E-RATE INDIANA FIBER DIA Pricing

What the Map4.net / USAC data shows

Your report (sourced from opendata.usac.org) documents clear year-over-year declines in average Monthly Recurring Charges (MRC) for Dedicated Internet Access (DIA) over fiber in Indiana E-Rate applications:

  • 1G MRC (average): ~$1,404 (2024) → ~$1,395 (2025) → $1,098 (2026) — a sharp ~21% drop.

  • 2G MRC (average): ~$1,871 (2024) → ~$1,672 (2025) → $1,418 (2026) — steady declines.

  • 5G MRC (average): ~$2,131 (2024) → ~$2,090 (2025) → $1,777 (2026) — also down noticeably.

The sample sizes ("n") are robust (hundreds of circuits), and the breakdowns by "Units Mbps" vs. "Units Gbps" likely reflect different provisioning or quoting conventions in the underlying USAC data. These are pre-discount prices that E-Rate applicants see in bids/commitments.

Provider cost trends: Build vs. "light and operate"

Fiber deployment / CapEx (the big one) is not decreasing. The authoritative 2025 Fiber Deployment Cost Annual Report from the Fiber Broadband Association (FBA) and Cartesian (surveying operators and contractors across 38 states) shows:

  • Median underground deployment: $18 per foot in 2025 (+3% year-over-year).

  • Median aerial deployment: $8 per foot (+14% year-over-year).

  • 92% of respondents reported higher costs in 2025; 88% expect increases again in 2026.

  • Primary drivers: Labor (65–72% of total cost, with skilled splicers and crews in short supply and higher wages), materials (tariffs/inflation), permitting delays, and make-ready work (pole preparation). Underground is more than 2× aerial.

Midwest costs are relatively better than the West (e.g., aerial Midwest median around $6.55/ft vs. higher elsewhere), but the upward trend is national. Some efficiency tools help (pre-terminated cables, microtrenching, overlashing, internal crews saving ~10%), but they are not enough to offset the rises.

The cost to provide lit DIA service (electronics + operations) has more positive dynamics. Once fiber is in the ground (or expandable), modern networks deliver very low marginal cost for additional lower-speed circuits like 1G/2G/5G:

  • Optical technology is improving rapidly: coherent pluggables (e.g., 400G/800G ZR/ZR+), silicon photonics, photonic integrated circuits (PICs), and higher-density DWDM allow one fiber pair + modern transponders to carry far more capacity with lower power, fewer components, and lower cost-per-bit.

  • 1G/10G-class optics are now highly commoditized and inexpensive.

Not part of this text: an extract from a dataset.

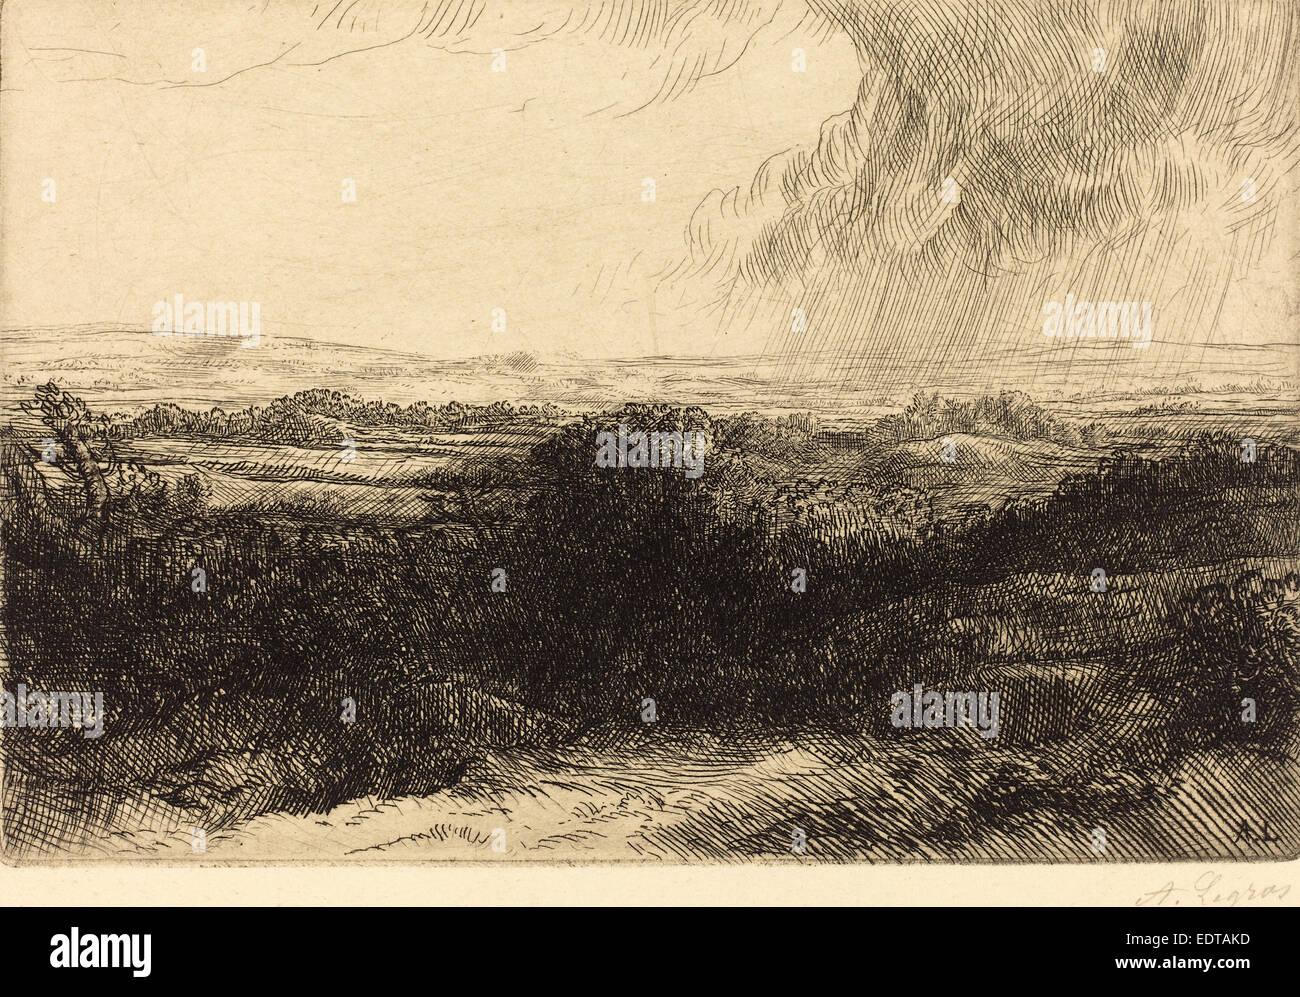 Alphonse Legros, Prospect (Le point de vue), French, 1837 - 1911, etching - Stock Image

  • Higher-capacity backbones mean providers can provision school DIA circuits as low-marginal-cost "add-ons" rather than dedicated low-speed systems.

  • Scale effects from massive U.S. fiber builds (BEAD + private investment) + competition increase on-net/near-net locations and utilization, spreading fixed costs.

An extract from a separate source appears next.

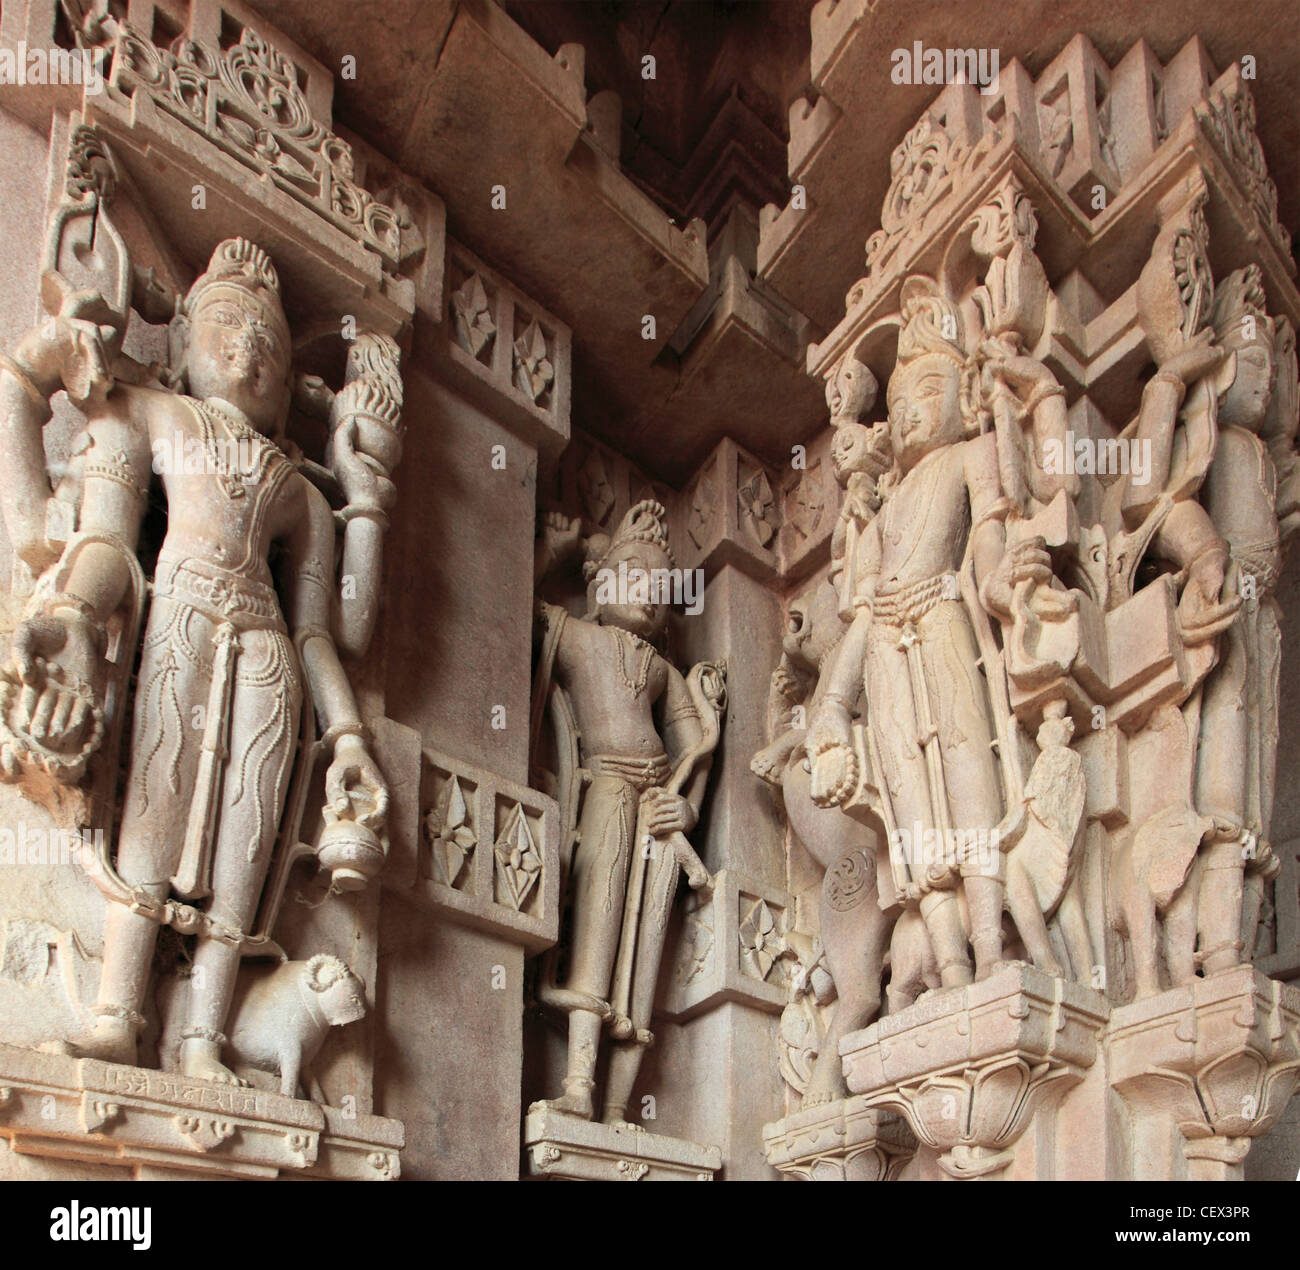 India, Rajasthan, Jodhpur, Mandore Gardens, cenotaphs of Jodhpur's rulers, detail, statues, - Stock Image

In short: Build costs are a headwind (rising), but "lit service" economics are a tailwind (declining per-bit and marginal costs).

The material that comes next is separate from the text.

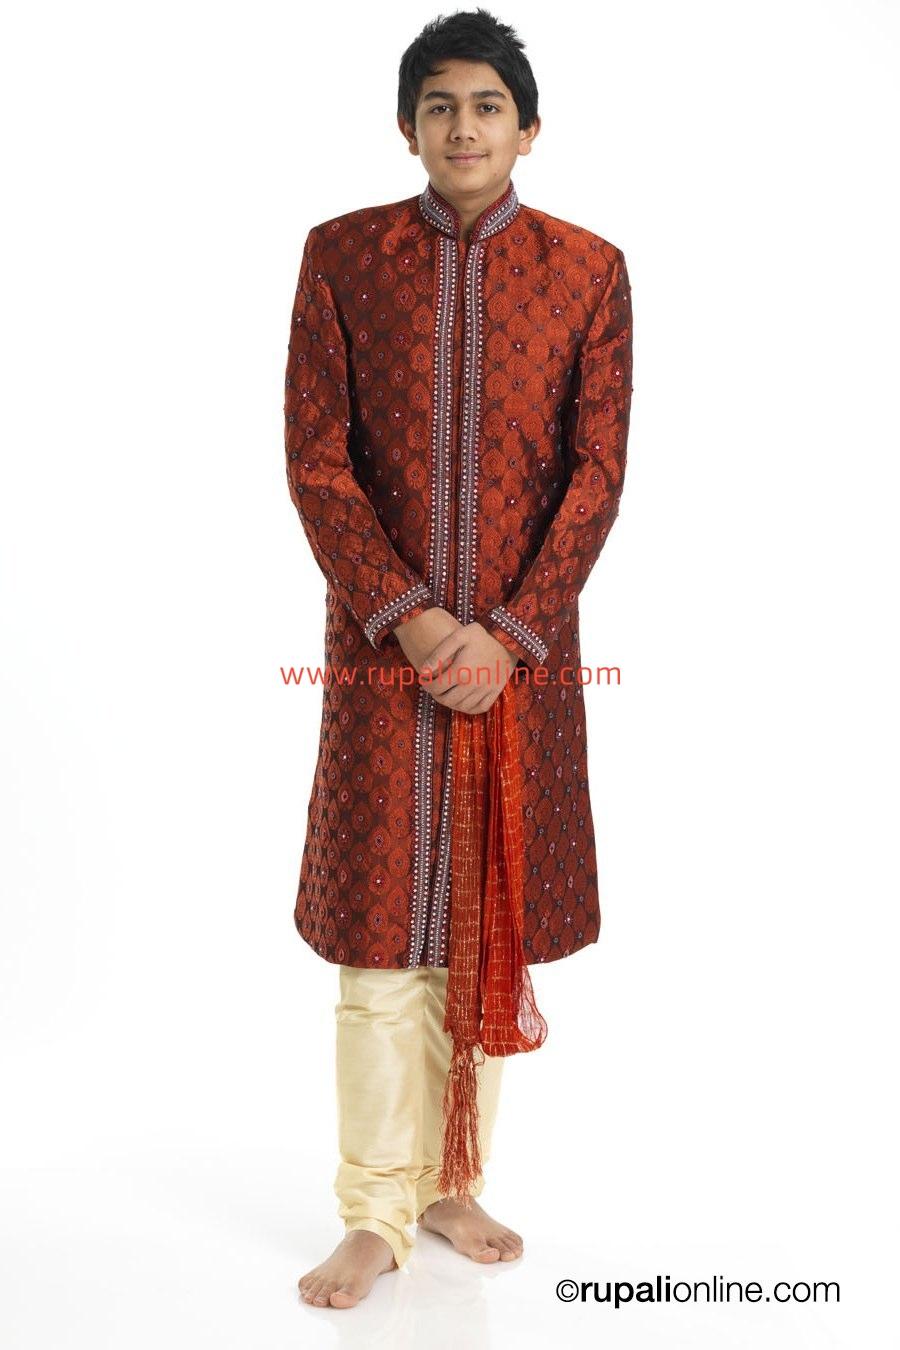 Rupali offers Indian kurta pajama & Wedding Sherwani in UK. Shop ...

Why prices to schools/libraries are falling more noticeably

The 2026 drops (especially the step-change in 1G) likely reflect a combination of:

  1. Heightened competition in Indiana E-Rate bidding — more providers (Joink, Segra, Zayo, local/regional fiber players, etc.) with more fiber in the ground or near schools, leading to more responsive Form 470 bids and aggressive pricing.

  2. Technological leverage — modern high-capacity systems make incremental 1G/5G DIA very cheap to deliver once infrastructure exists.

  3. Market maturation — fiber is becoming more "commodity-like" for these mid-tier speeds in competitive areas; providers can win volume with thinner margins on recurring services while monetizing elsewhere (higher speeds, other verticals, or overall network utilization).

  4. Broader trend: E-Rate Category 1 bandwidth costs per megabit have been on a long downward trajectory nationally as applicants get faster connections at better prices through smarter procurement and competition.

Important caveats: Individual bids still vary enormously based on distance to the provider's network, whether special construction is needed, contract length, existing infrastructure, and urban/rural factors. Averages mask wide dispersion. Special construction (if required) remains expensive and is a separate line item.

Bottom line for E-Rate stakeholders in Indiana

  • Schools/libraries: Excellent news — lower pre-discount MRCs improve affordability even before the 20–90% E-Rate discount. Tools like Map4.net that surface this data in near real-time give applicants stronger negotiating positions.

  • Providers/consultants: The build-cost environment remains challenging (labor is the killer). Success comes from being on-net or near-net where possible, leveraging modern optics for low marginal cost, competing aggressively on total cost of ownership (not just MRC), and using data-driven targeting. Volume and utilization matter more than ever.

  • The customer price declines are real and material, but they are enabled more by competition + tech-enabled low marginal costs than by falling physical build costs.